The natural world of the forest floor is as
compelling as a rainforest's roof, but there is no
novel method to aid visitors in its discovery other
than hands-on experience. Sixty thousand people
visit Taman Negara every year, one-tenth that number
goes to Endau-Rompin. I made arrangements to meet
Dana in Johor Bahru, the Malaysian city across the
border from Singapore. "Good," he said, in greeting,
"you look strong."
Endau-Rompin National Park's 870 square kilometers,
roughly one and a half times the size of Singapore,
shares the Johor and Pahang State border. As of
1994, Johor State--where most of the park's
attractions open to tourists are located--has
assumed its administration. Although a more
adventurous approach is nine hours by boat from the
coastal town of Endau along the Endau River, most
visitors arrive at the park by car through Johor
State.
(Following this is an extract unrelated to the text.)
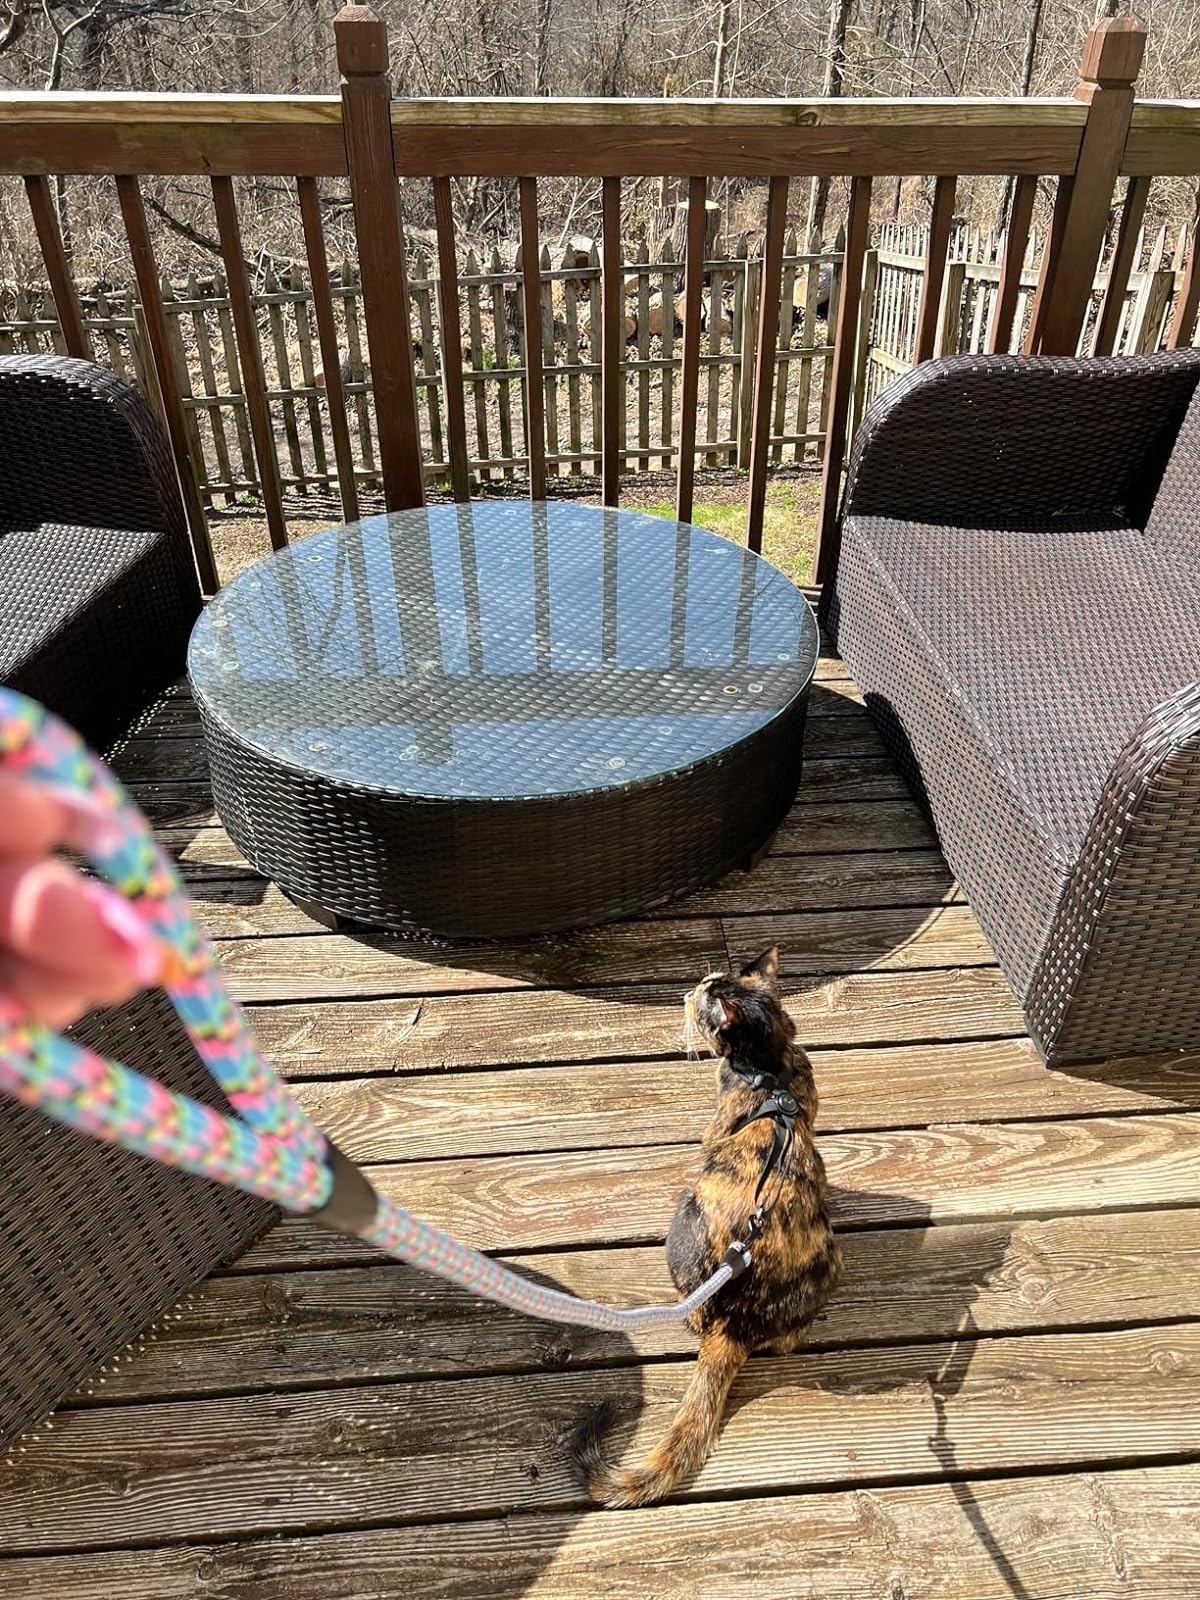 Person on a deck holding a leash attached to a cat looking outwards, near patio furniture

As did we, leaving the highway at Kahang to
follow a rough, red laterite road that dissected
fifty kilometers of palm oil and rubber trees in
rows as uniform as fences. Such plantations now
cover seventy percent of Malaysia. They are a
fitting entrance to the park, reminders of what it
strives to protect: one of the best lowland
rainforests left in the country; plant species new
to man; the last Malaysian habitat of the Sumatran
rhinoceros and small populations of tigers and
It was the dwindling numbers of rhinoceros that
spurred the 1985/86 research by the Malaysian Nature
Society (MNS) that ultimately led to the park's
creation. Ironically, it was a road that allowed
them to do it by providing access to publicly funded
volunteers who documented hundreds of unique species
of plants and animals. It was a daunting task.
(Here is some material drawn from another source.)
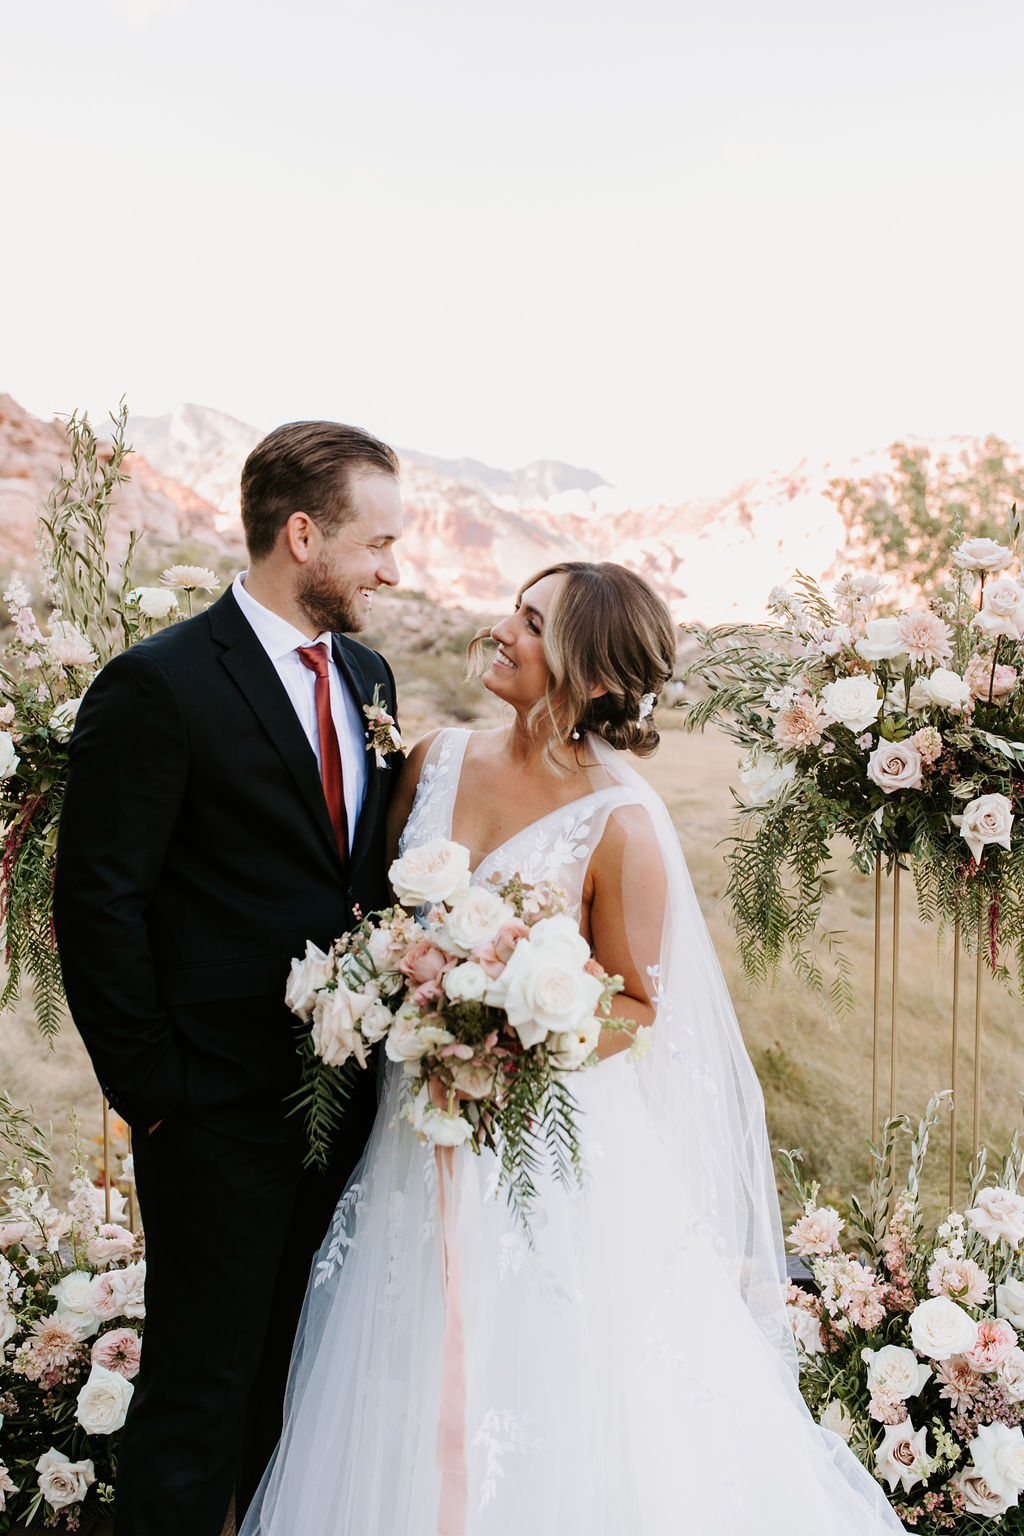 Bride and Groom smiling looking at each other during Romantic Desert & Backyard Micro-Wedding

Fashioned by volcanic eruptions 150 million years
ago, Endau-Rompin's terrain alternates between steep
mountains and sandy plateaus, a factor which has
thus far spared it from developers but which made
the conservationists' first forays into the forests
that more problematical. The park is divided into
three zones on the recommendation of the MNS: an
area for tourists and trekkers offering basic
A-frame huts, campsites and marked trails; an area
for researchers and park rangers that is to remain
undeveloped; and a retreat for the reclusive
rhinoceros encompassing over half the entire park's
area. In high isolated ridges, days of walking
distance from permitted paths, are where the
rhinoceros roam, estimated at the time of the MNS
study, to number, sadly between five and twenty. It
is unconfirmed but believed that the rhinoceros
count has not increased.
Park regulations require that aboriginal guides
accompany visitors. Dana has taken as many as three
on longer trips. We hired one: Machang.
Indigenous groups in modern Malaysia, which account
for less than one percent of the population, are
known collectively as Orang Asli or "the first
people." Twenty-one-year-old Machang belonged to the
Orang Hulu or Jakun, the "upriver people." Long
before he was born, Machang's tribe--traditional
hunters and gatherers and fishermen--settled
permanently in Kampong Peta, a village of three
hundred people just outside of the park and the site
of its headquarters. We were Machang's guests for
lunch. Fried greens, eggs, a jackfruit curry, rice
and chili sauce were placed on the floor in front of
us. We ate with our hands. Adult family members,
their children and cats too numerous to count, came
and went in the wooden house.
Peta felt to me like a remote and precious place,
which wasn't entirely a romantic notion because the
lack of a surfaced road has kept Peta removed from
the outside, and by comparison, it is a sanctuary.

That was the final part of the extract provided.